The supported NLP tasks include: machine translation (MT), entity linking (EL), part-of-speech tagging (POS), and dependency parsing (DEP).

A detailed walk-through of langrank_predict.py is provided below. (ran in the langrank directory):

python3
>>> import langrank as lr
>>>
>>> # Load some data
>>> with open("sample-data/ell.tok") as inp:
...     lines = inp.readlines()
... 
>>> # Just to show that we loaded something
>>> len(lines) 
10133 
>>> lines[0]
"o milissi c' e cikala isan adèrfia .\n"
>>> 
>>> # Now prepare the dataset
>>> prepared = lr.prepare_new_dataset('ell', task="MT", dataset_source=lines)
NOTE: no subword-level dataset provided, will only extract word-level features.
>>>
>>> # And rank the candidates (this could be set to 'all' so that it would rank all available datasets)
>>> lr.rank(prepared, task='MT' candidates=['tur','ara', 'aze'])
Ranking (top 3):
1. ted_tur : score=-0.01
    1. Transfer over target size ratio : score=0.40;
    2. Transfer lang dataset size : score=0.40;
    3. Overlap word-level : score=0.18
2. ted_ara : score=-0.63
    1. Transfer over target size ratio : score=0.25;
    2. Transfer target TTR distance : score=0.17;
    3. Overlap word-level : score=0.10
3. ted_aze : score=-1.67
    1. Transfer target TTR distance : score=0.12;
    2. Overlap word-level : score=0.06;
    3. SYNTACTIC : score=0.06

Data

We have also made public in an easy-to-browse format the raw data that went into training the model.
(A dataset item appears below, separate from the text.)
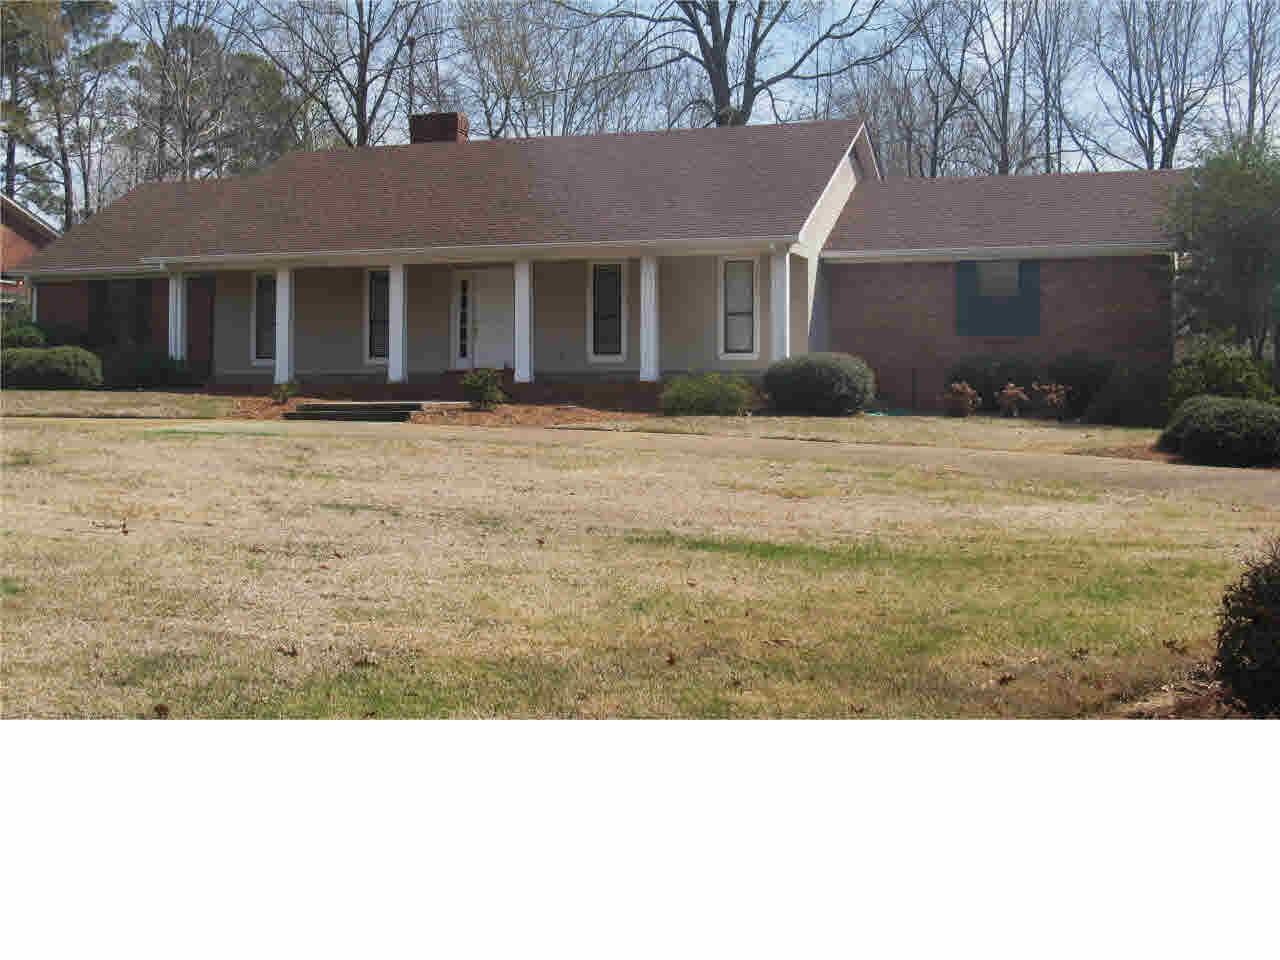 Rental Homes for Rent, ListingId:34228064, location: 124 RICHMOND DR Brandon 39042
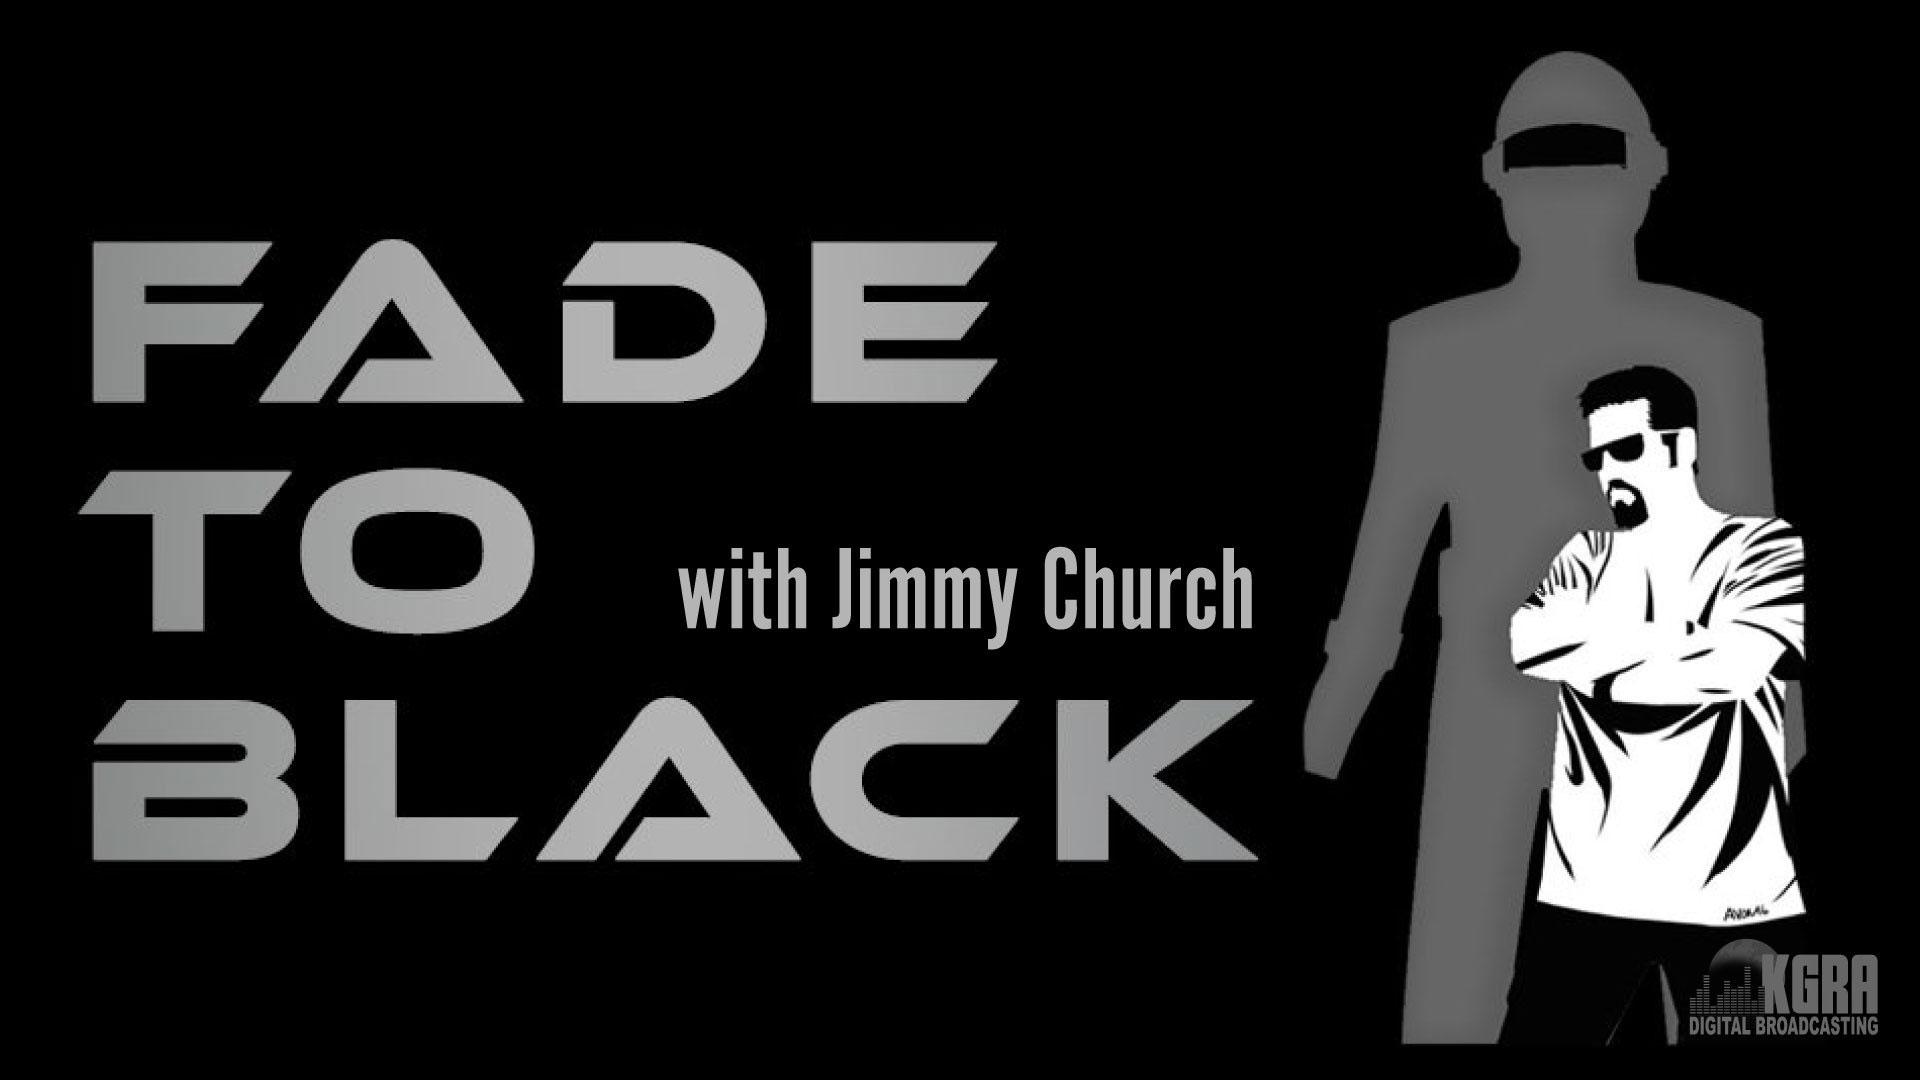 Fade to Black - Jimmy Church

We have released data for MT, EL, POS tagging, and dependency parsing as described in the paper, and also some additional data for zero-shot MT. This may be easy to browse if you'd like to see, for example, which languages we empirically found the most useful for transferring into other languages.

Citation/Acknowledgements

If you use LangRank, we'd appreciate if you cite the paper about it!

@inproceedings{lin19acl,
    title = {Choosing Transfer Languages for Cross-Lingual Learning},
    author = {Yu-Hsiang Lin and Chian-Yu Chen and Jean Lee and Zirui Li and Yuyan Zhang and Mengzhou Xia and Shruti Rijhwani and Junxian He and Zhisong Zhang and Xuezhe Ma and Antonios Anastasopoulos and Patrick Littell and Graham Neubig},
    booktitle = {The 57th Annual Meeting of the Association for Computational Linguistics (ACL)},
    address = {Florence, Italy},
    month = {July},
    year = {2019}
}

LangRank was supported by NSF Award #1761548 "Discovering and Demonstrating Linguistic Features for Language Documentation", and the DARPA Low Resource Languages for Emergent Incidents (LORELEI) program under Contract No. HR0011-15-C0114.